Sure the example I posted only had 3 candidates in each pair of base cells but it would have worked the same if we had a few extra candidates in those cells as well, as I said. Then it wouldn't be clear which digits were true in the four base cells but we would know there would be three of them not four, and the one that was common to both pairs of base cells would be true in r8c2.

Every bit of information helps with tough puzzles.

David

[Leren]

Champagne wrote: meantime I thought a little more about JE3 + JE4. It works exactly as 2*JE4.

Hi Champagne,

Try this puzzle from your grey area database:

98.7.......6.5.4.......9...8......3..3......7..5.2.8..5...1...4.4...65....12...6.; ;2;0;match type;40;r7c4 r7c6 r8c3 r9c7 3789;r9c1 r9c2 r8c5 r7c7 379;;;;; ' Double JExocet J3/J4 example

When I treat this as a double JE3 the puzzle solves OK, however if I treat it as a double JE4 I get an incorrect fin cell elimination r3c8 <> 8.

Leren

[daj95376]

I'm taking a stab at ronk's point using Leren's recent post.

Hopefully you apply the exclusions of the JE3 before seeing if the JE3 + JE4 still exists.

No, I was speaking of applying the exclusions of the single JE3 (and the unmentioned single JE4 plus basic techniques, of course) before seeing if a JE3 + JE4 double exists. I do not have an example.

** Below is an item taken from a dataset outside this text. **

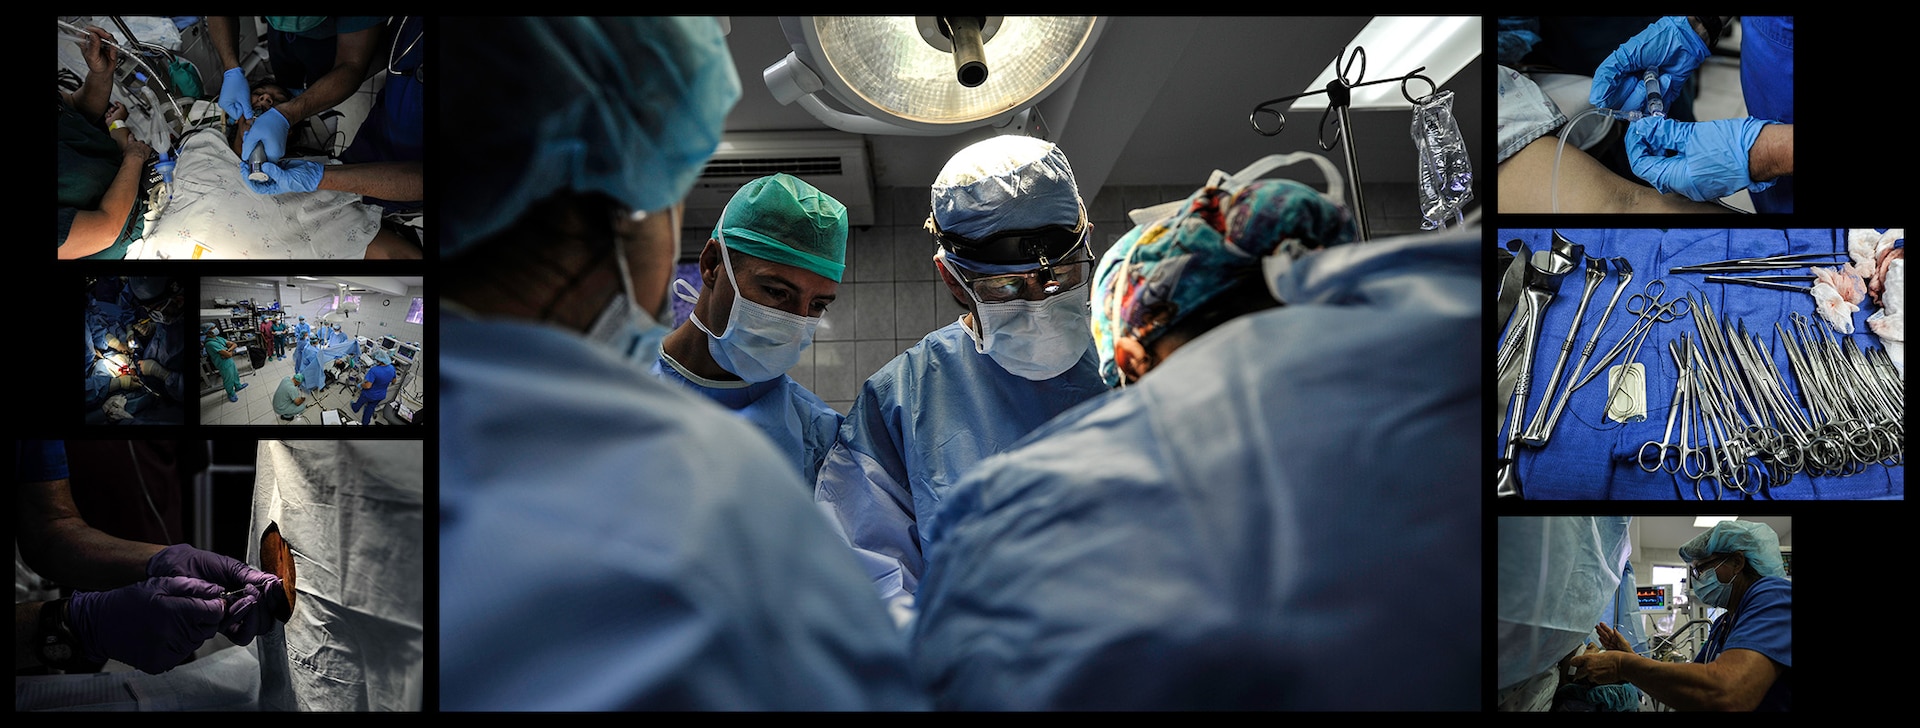 Every move counts for JTF-Bravo's Mobile Surgical Team > U.S.

Try this puzzle from your grey area database:

98.7.......6.5.4.......9...8......3..3......7..5.2.8..5...1...4.4...65....12...6.; ;2;0;match type;40;r7c4 r7c6 r8c3 r9c7 3789;r9c1 r9c2 r8c5 r7c7 379;;;;; ' Double JExocet J3/J4 example

Here are the individual JExocet eliminations (as I see them):

Code: Select all

 +--------------------------------------------------------------------------------+
 |  9       8       234     |  7       36      1234    |  1236    125     12356   |
 |  1237    127     6       |  138     5       1238    |  4       12789   1239    |
 |  12347   5       2347    |  13468   368     9       |  12367   1278    1236    |
 |--------------------------+--------------------------+--------------------------|
 |  8       1279    2479    |  14569   679     147     |  1269    3       12569   |
 |  1246    3       249     |  145689  689     148     |  1269    12459   7       |
 |  1467    179     5       |  13469   2       1347    |  8       149     169     |
 |--------------------------+--------------------------+--------------------------|
 |  5       6       23789   |  389    Q1       378     | R39-27  q79-2    4       |
 |  237     4       23789   | r39-8   Q79-38   6       | R5       1279    1239    |
 | B37     B79      1       |  2       4       5       |  379     6       8       |
 +--------------------------------------------------------------------------------+
 # 147 eliminations remain

 ### -379- QExocet   Base = r9c12   Target = r8c5==r7c8,r7c7==r8c4


Code: Select all

 +--------------------------------------------------------------------------------+
 |  9       8       234     |  7       36      1234    |  1236    125     12356   |
 |  1237    127     6       |  138     5       1238    |  4       12789   1239    |
 |  12347   5       2347    |  13468   368     9       |  12367   1278    1236    |
 |--------------------------+--------------------------+--------------------------|
 |  8       1279    2479    |  14569   679     147     |  1269    3       12569   |
 |  1246    3       249     |  145689  689     148     |  1269    12459   7       |
 |  1467    179     5       |  13469   2       1347    |  8       149     169     |
 |--------------------------+--------------------------+--------------------------|
 |  5       6       23789   | B389     1      B378     |  2379    279     4       |
 | r37-2    4      Q3789-2  |  389     3789    6       |  5       1279    1239    |
 |  37      79      1       |  2       4       5       | R37-9    6       8       |
 +--------------------------------------------------------------------------------+
 # 147 eliminations remain

 ### -3789- QExocet   Base = r7c46   Target = r8c3,r9c7==r8c1


If you apply the eliminations from the JE3 and reduce the grid before searching for a JE3+JE4 double JExocet, then you'll never find the double JExocet because the JE3 eliminations crack the puzzle ... along with subsequent basics.